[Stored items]
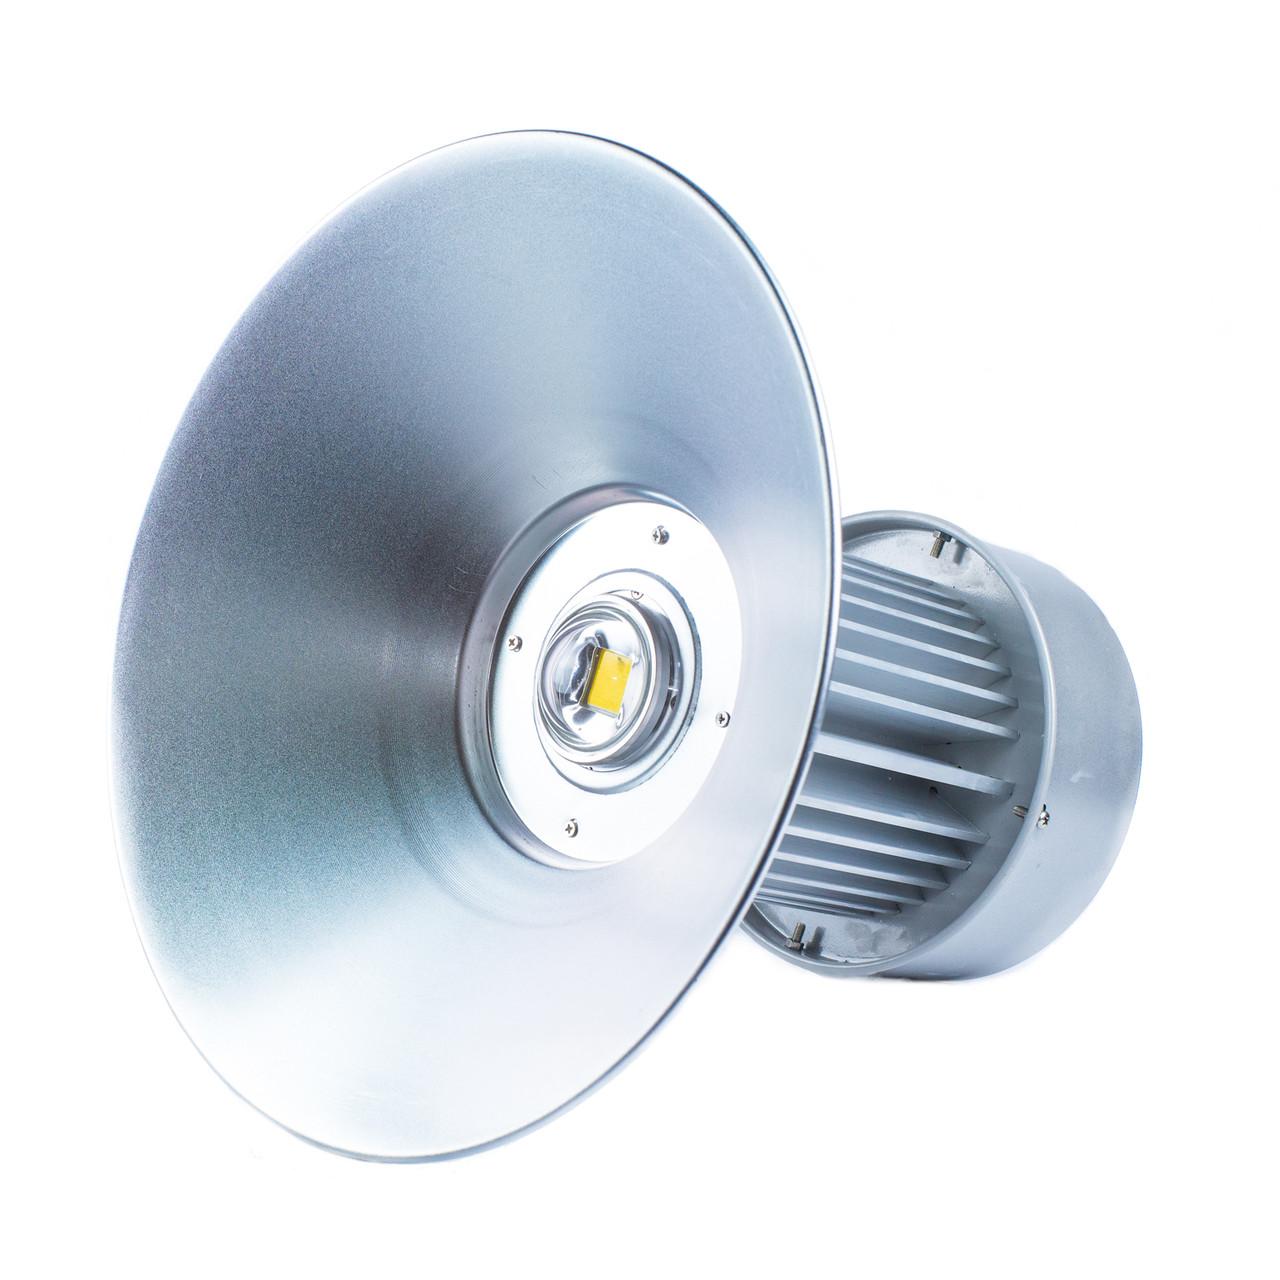 Промышленный светодиодный светильник LED-SUN-50 Вт, 5000 Лм
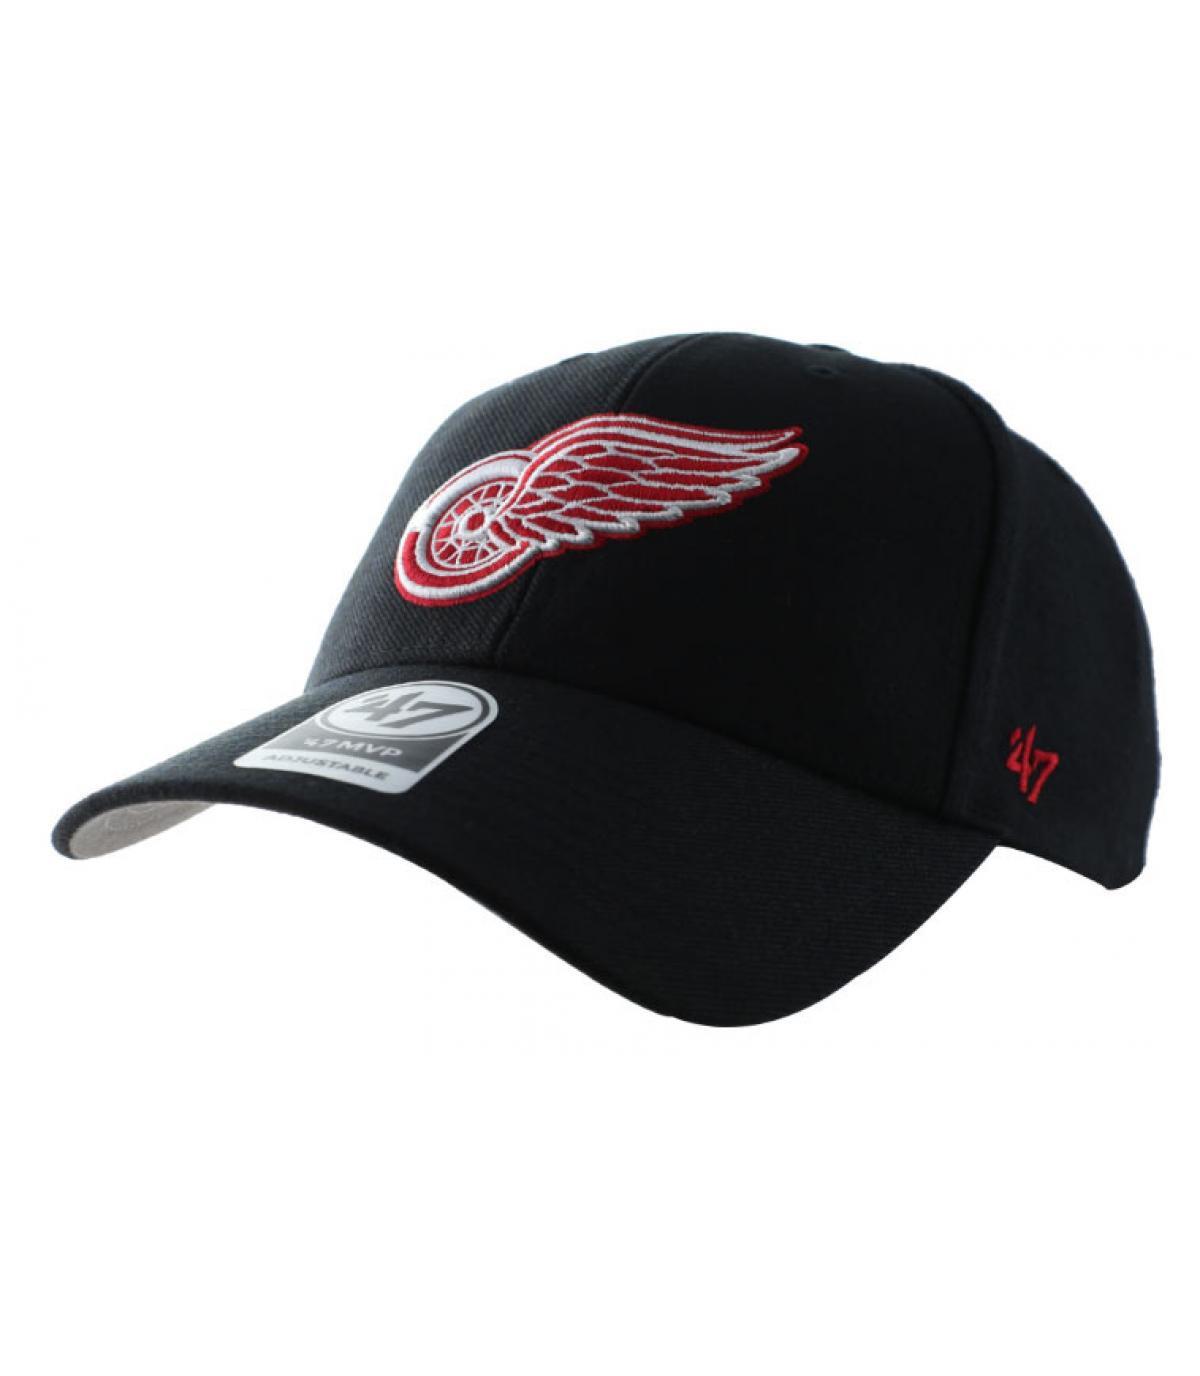 Detalles MVP Detroit Red Wings black imagen 2
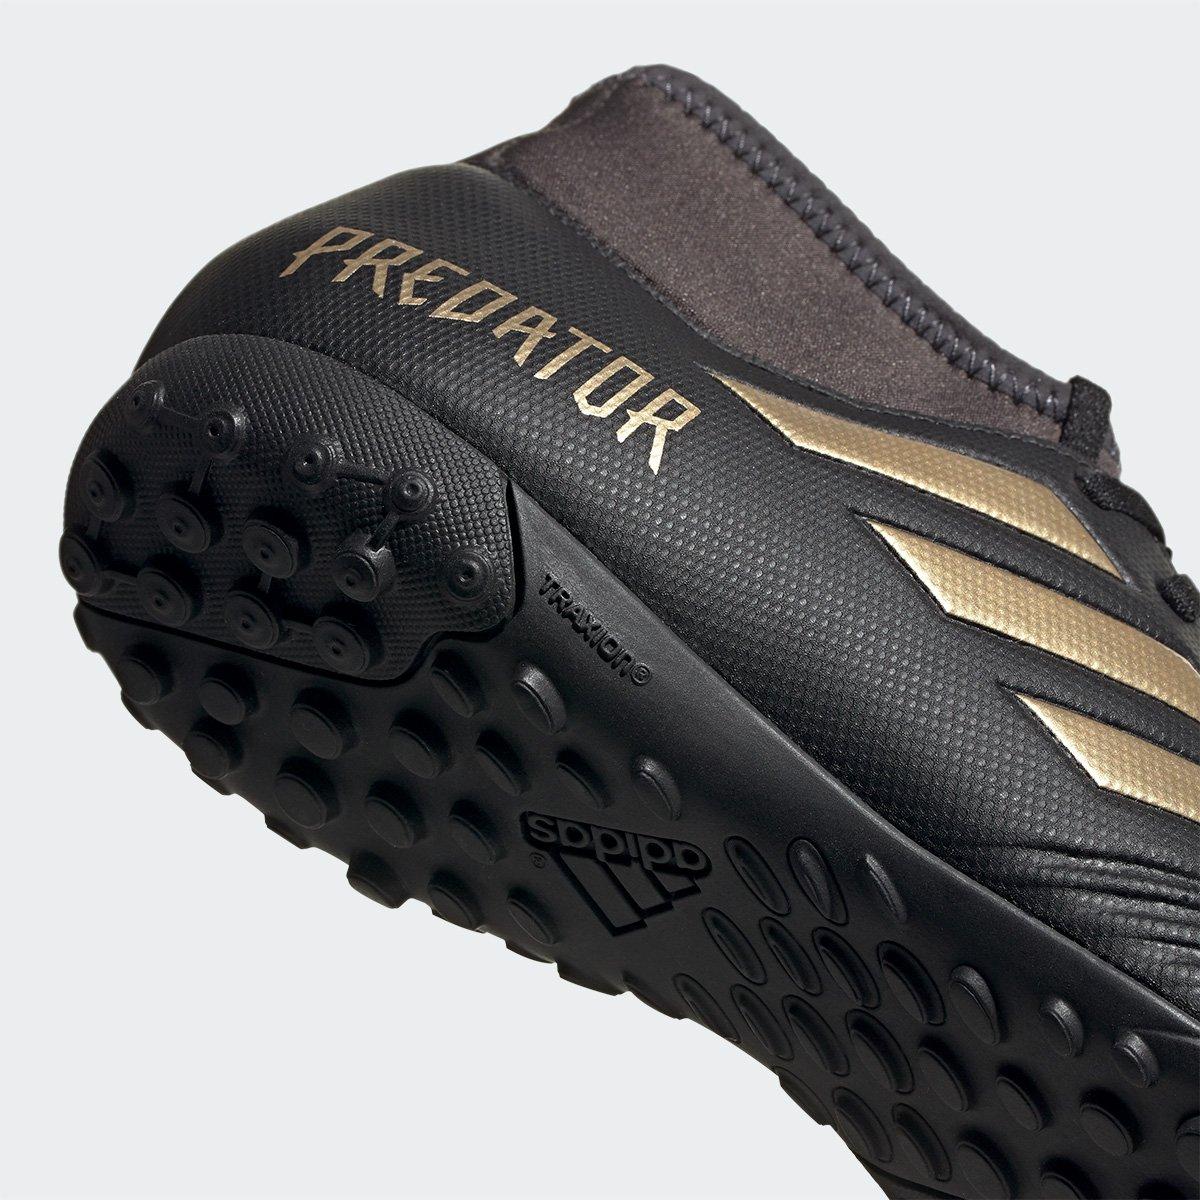 Chuteira Society Botinha Adidas Predator 19.4 S
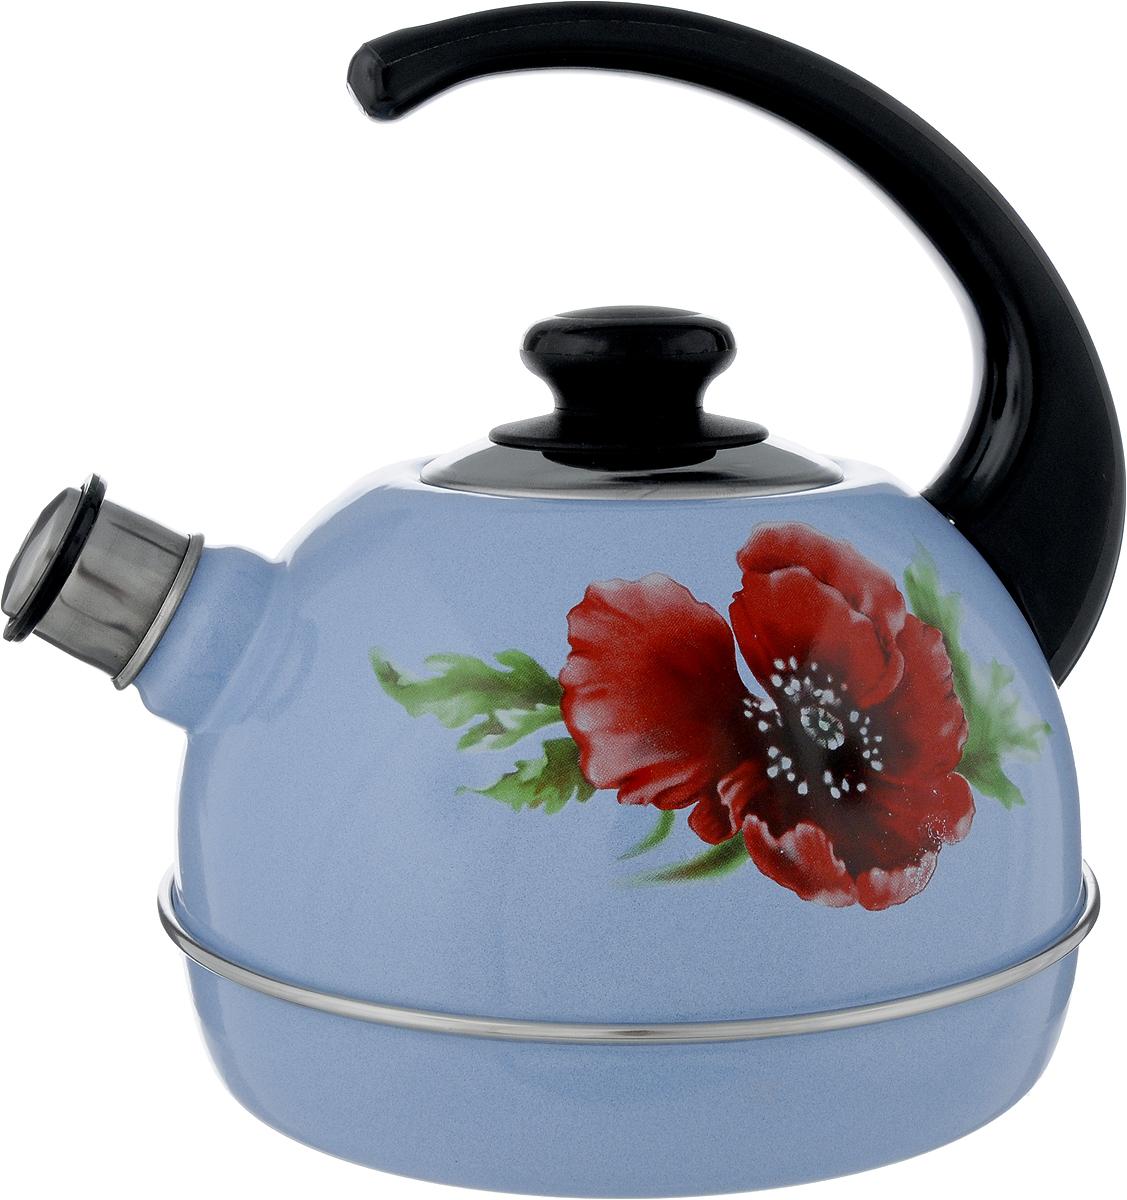 Чайник эмалированный Рубин Маковый цветок, со свистком, 3,5 л54 009303Чайник Рубин Маковый цветок выполнен из высококачественного стального проката, что обеспечивает долговечность использования. Внешнее трехслойное эмалевое покрытие Mefrit не вступает во взаимодействие с пищевыми продуктами. Такое покрытие защищает сталь от коррозии, придает посуде гладкую стекловидную поверхность и надежно защищает от кислот и щелочей. Чайник оснащен фиксированной ручкой из пластика и крышкой, которая плотно прилегает к краю. Носик чайника оснащен съемным свистком, звуковой сигнал которого подскажет, когда закипит вода. Можно мыть в посудомоечной машине. Пригоден для всех видов плит, включая индукционные. Высота чайника (с учетом ручки): 24 см.Высота чайника (без учета крышки и ручки): 14 см.Диаметр по верхнему краю: 8,7 см.
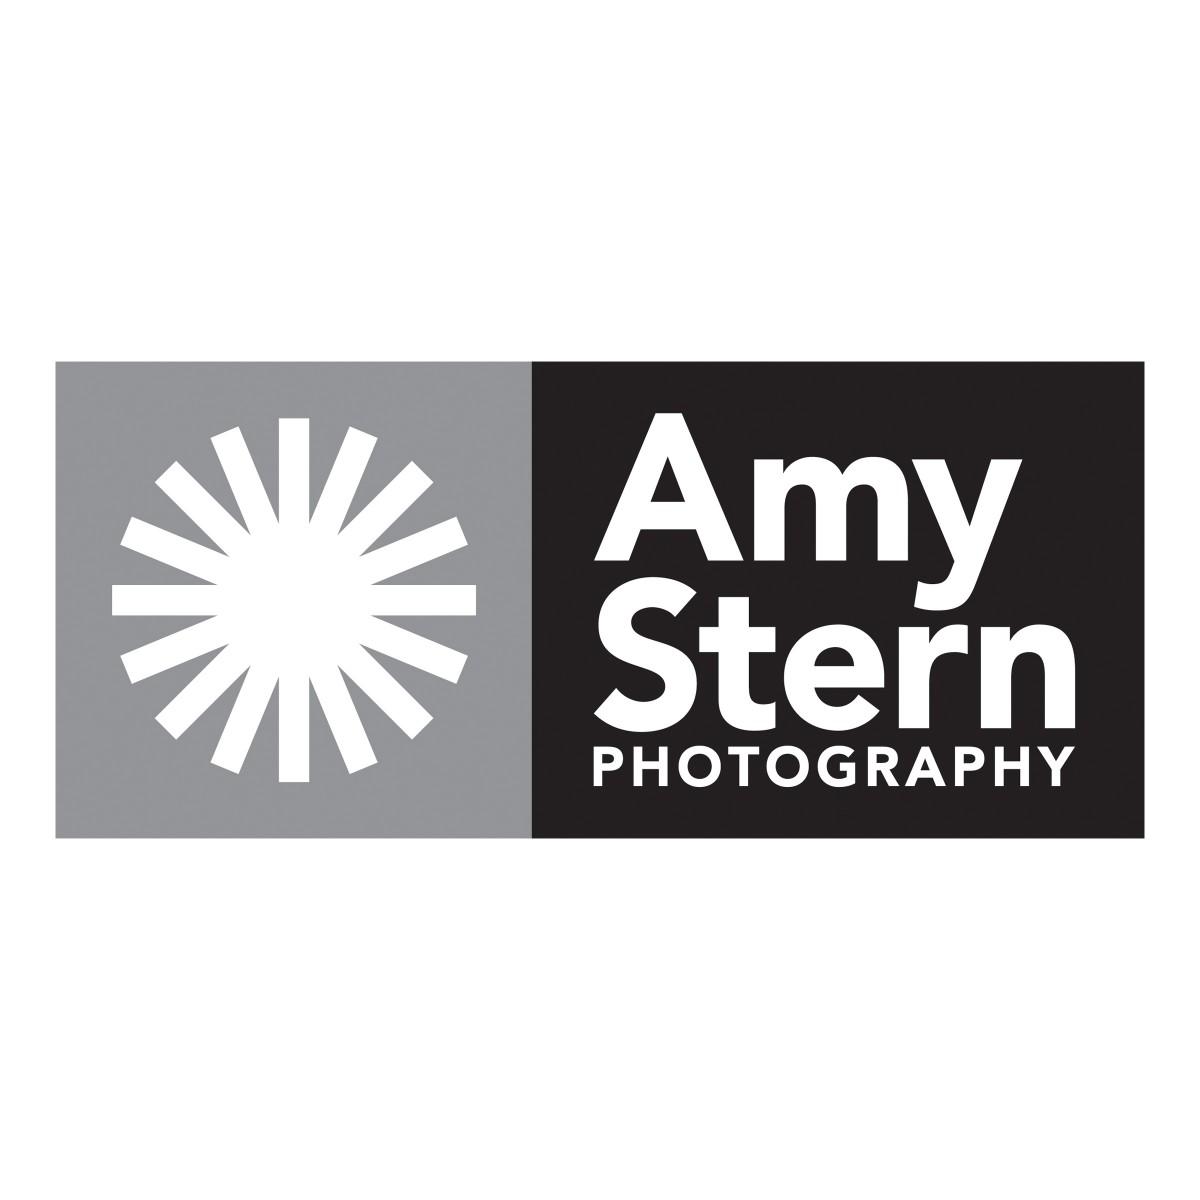 Amy Stern
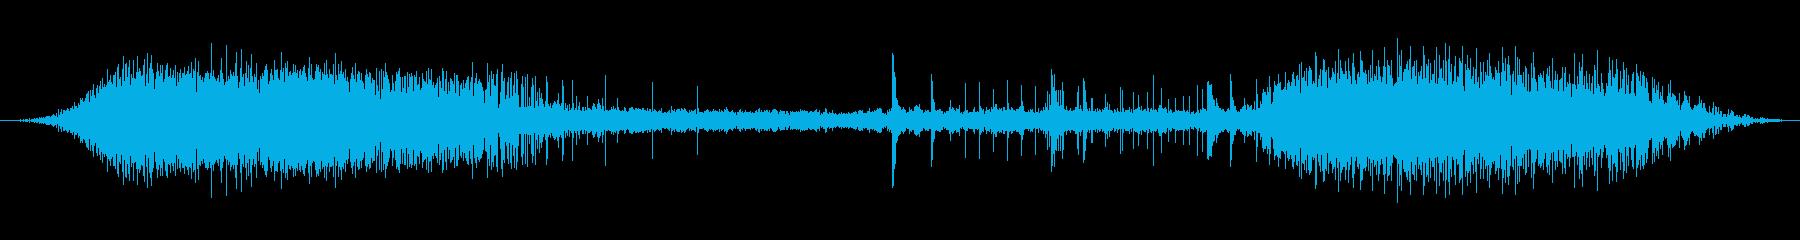 サーカスの拍手0-30の再生済みの波形

> [Activity] Could each line of the data be written out exactly, with no pictures included?

> [Answer box]
 Промышленный светодиодный светильник LED-SUN-50 Вт, 5000 Лм
 Detalles MVP Detroit Red Wings black imagen 2
 Chuteira Society Botinha Adidas Predator 19.4 S
 Чайник эмалированный Рубин Маковый цветок, со свистком, 3,5 л54 009303Чайник Рубин Маковый цветок выполнен из высококачественного стального проката, что обеспечивает долговечность использования. Внешнее трехслойное эмалевое покрытие Mefrit не вступает во взаимодействие с пищевыми продуктами. Такое покрытие защищает сталь от коррозии, придает посуде гладкую стекловидную поверхность и надежно защищает от кислот и щелочей. Чайник оснащен фиксированной ручкой из пластика и крышкой, которая плотно прилегает к краю. Носик чайника оснащен съемным свистком, звуковой сигнал которого подскажет, когда закипит вода. Можно мыть в посудомоечной машине. Пригоден для всех видов плит, включая индукционные. Высота чайника (с учетом ручки): 24 см.Высота чайника (без учета крышки и ручки): 14 см.Диаметр по верхнему краю: 8,7 см.
 Amy Stern
 サーカスの拍手0-30の再生済みの波形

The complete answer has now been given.